Any two elements in a commutative ring $R$ are linearly dependent. If $r,s\in R$ are non-zero then $0=s\cdot r-r\cdot s$ is a non-trivial linear dependence relation. Free modules of any rank over $R$ exist, but are not submodules of $R$ (except in the case of rank zero or one). Namely, for any set $X$, the direct sum $R[X]:=\bigoplus_{x\in X}R$ of copies of the $R$-module $R$ indexed by the set $X$ is free with basis $\{e_x:x\in X\}$, where, for $x\in X$, $e_x\in R[X]$ has $(e_x)_x=1$ and $(e_x)_y=0$ for $y\neq x$.

Also, ideals of $R$ are not necessarily free. In fact, every ideal of $R$ is free (necessarily of rank one if non-zero) if and only if $R$ is a principal ideal domain.

Answer 2

The elements $x = r_1$ and $y = r_2$ are not linearly independent in $R$, since $r_2 x - r_1 y = 0$.

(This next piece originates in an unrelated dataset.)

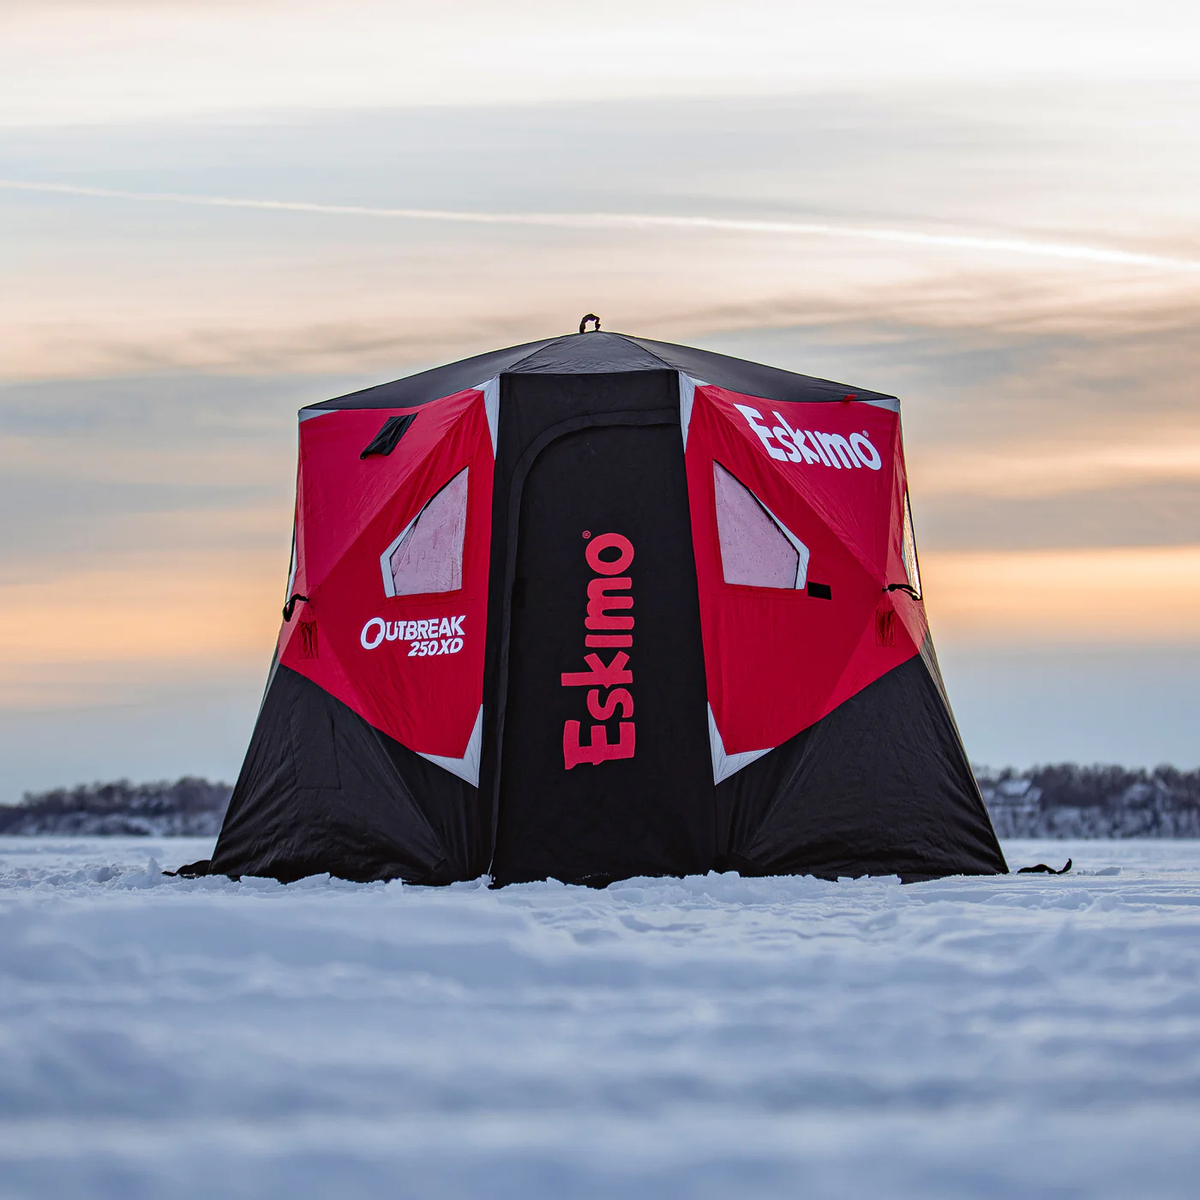 Eskimo Outbreak 250XD Hub Ice Fishing Shelter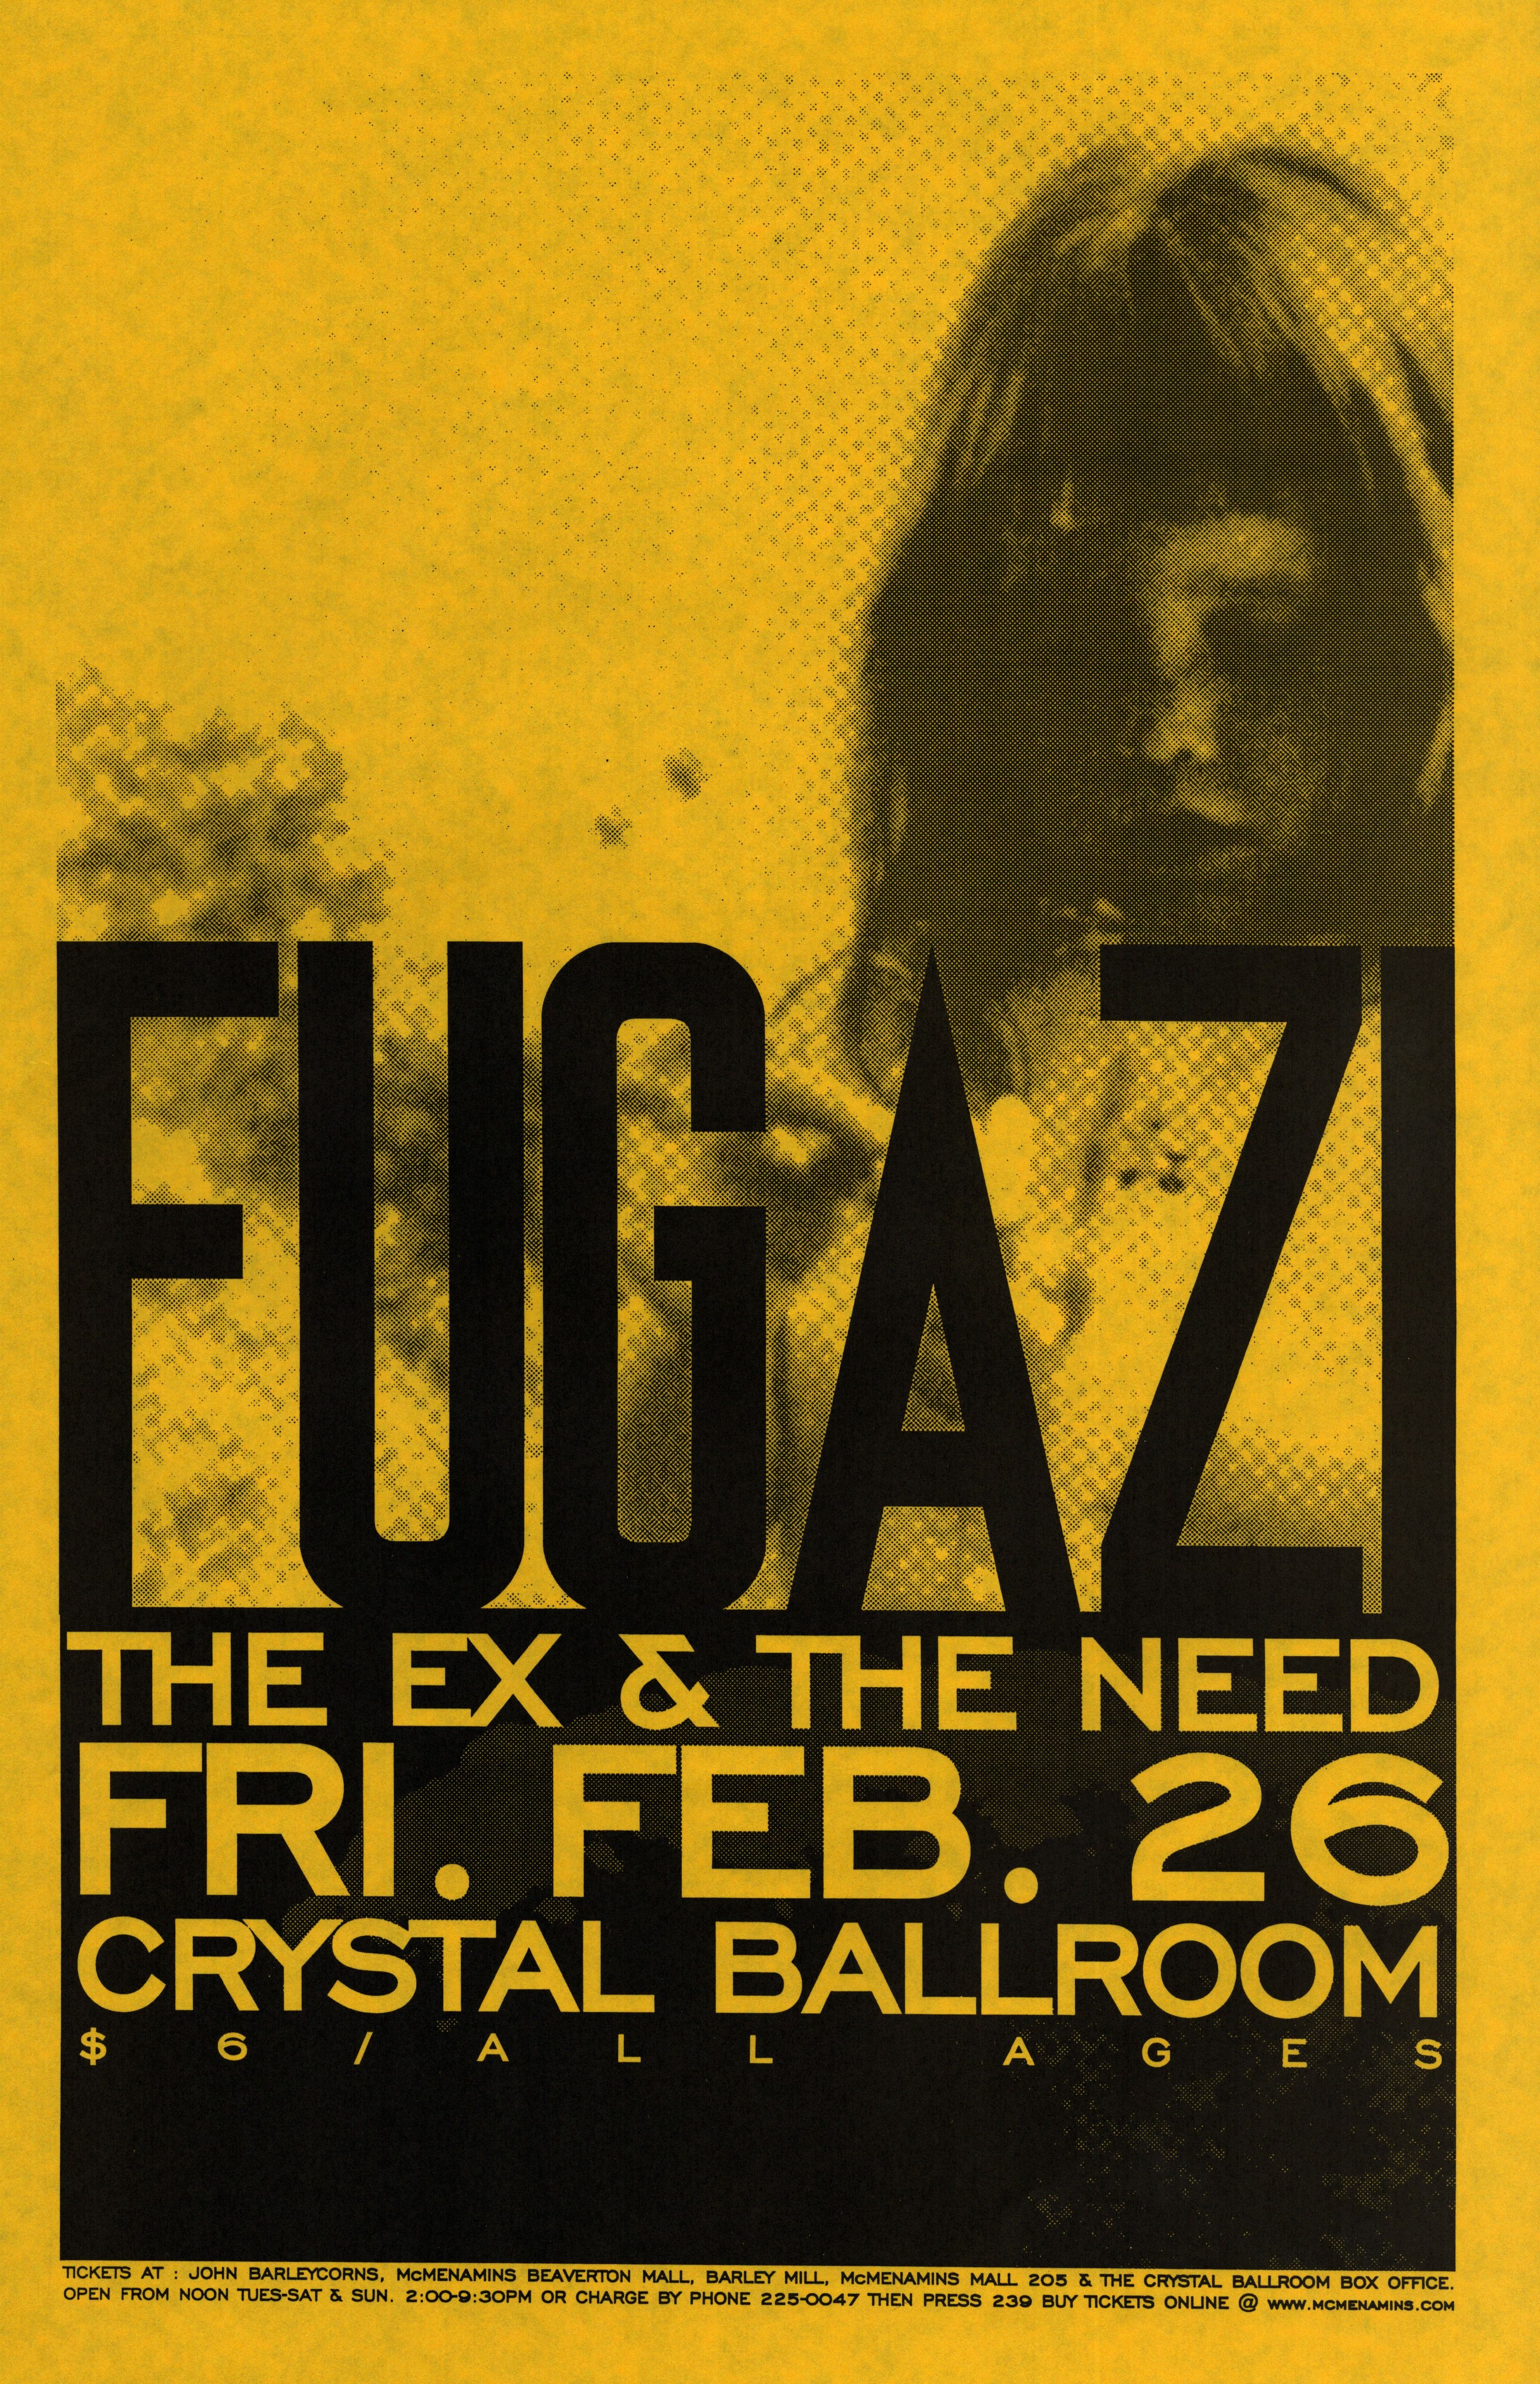 MXP-62.2 Fugazi 1999 Crystal Ballroom  Feb 26 Concert Poster

The theorem you mentioned is not applicable. For example, if $B = \{4,6\}$, the free $\mathbf{Z}$-module with basis $B$ would be the set $\{x \cdot 4 + y \cdot 6 \, | \, x, y \in \mathbf{Z}\}$, where $4$ and $6$ are treated merely as symbols, and we identify $1 \cdot 4 + 0 \cdot 6 $ with the symbol $4$, and do similarly for $6$.

Since $4$ and $6$ are merely symbols, the module that we have just constructed has nothing to do with the submodule of $\mathbf{Z}$ generated by $4$ and $6$, where the elements $4$ and $6$ are not linearly independent.